Indranet requires a low friction onboarding process for users, who may have minimal technical ability, and likely more used to trust based systems like the centralised banking services they probably use every day.
This capability makes it possible for users to get started using Indranet for maybe as little as 30,000 sats, around $6 at current prices, and enables them to establish sessions with an Indra seed node which they can then use to open sessions with relays and the Indra client will be able to generate invoices that they can use to top up the balance of their channel when it runs down and cannot make any more payments out to relays. Typical session fees can be as little as $0.05 which would give them like 50-100mb through a given relay or so, just plucking numbers out of the air, of course they will also be able to set maximum bandwidth prices for relays their client selects.
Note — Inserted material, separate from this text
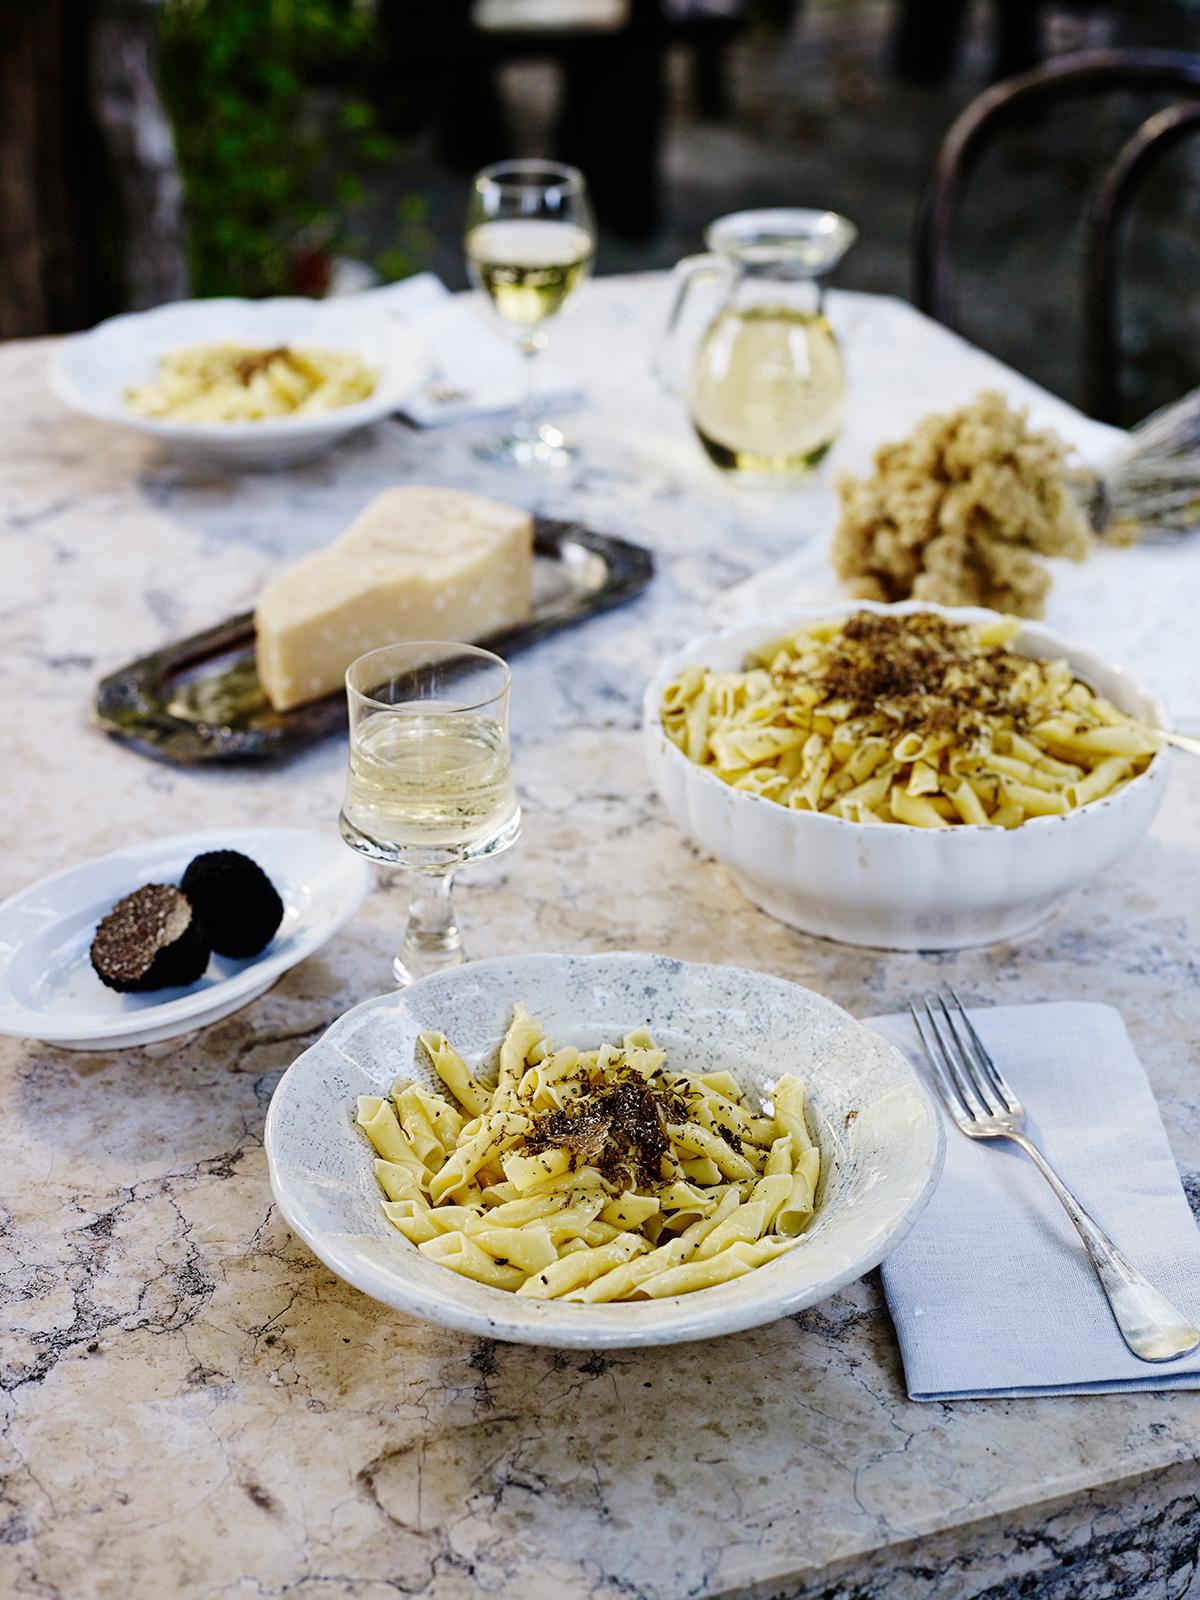 istrska_kulinarika_istrian_cuisine_photo_matevz_kostanjsek_in_grusa_zorn_orig_jpg-photo-l-2
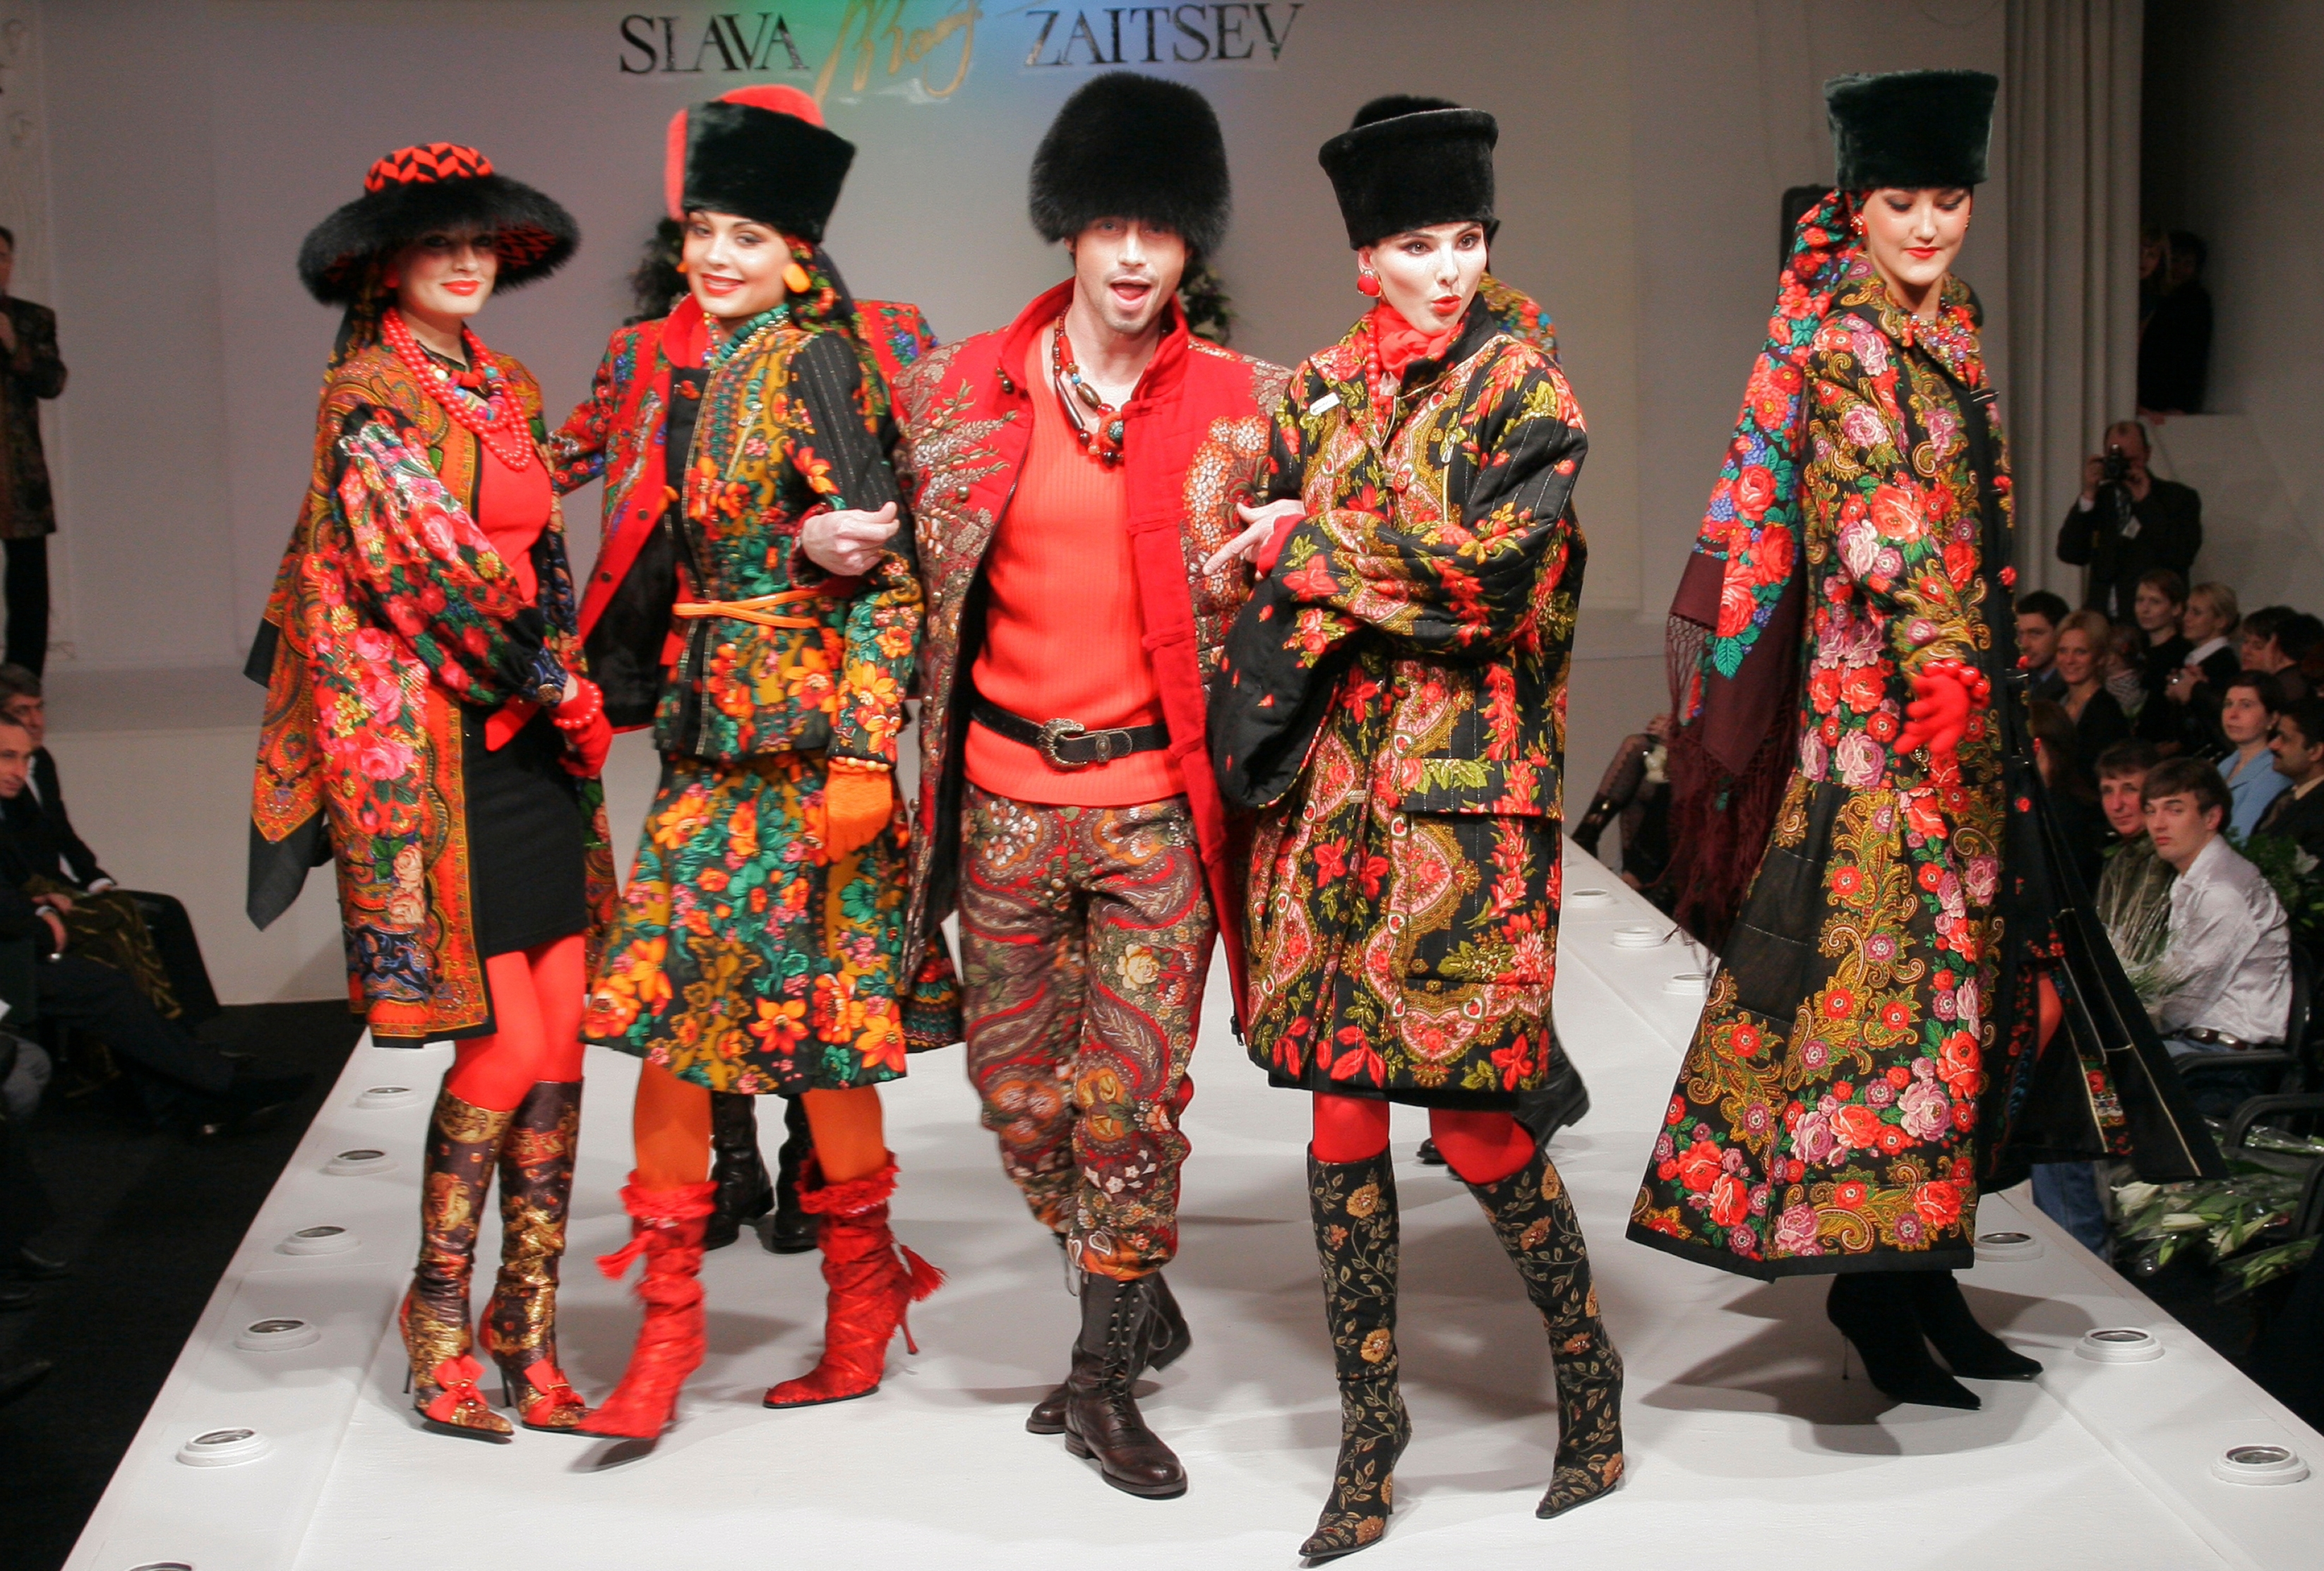 modern russian clothing - 800×541

Regarding bandwidth prices for Indranet, just doing some back of the envelope calculations, users must pay for 5x the cost of relay bandwidth. According to recent statistics, european bandwidth cost is about $5 for 324Gb (1mbit/s/month rate), or 64Gb/month base cost for european relays of $5. So it is easy to see how a relay can charge twice this rate and make a full 100% markup.
The same amount would be $8 typically in USA and $10 for asian relays. So routing in asian relays would be $5 for 16Gb of data allowance, which is still lower than typical mobile internet data allowance costs, which should be affordable.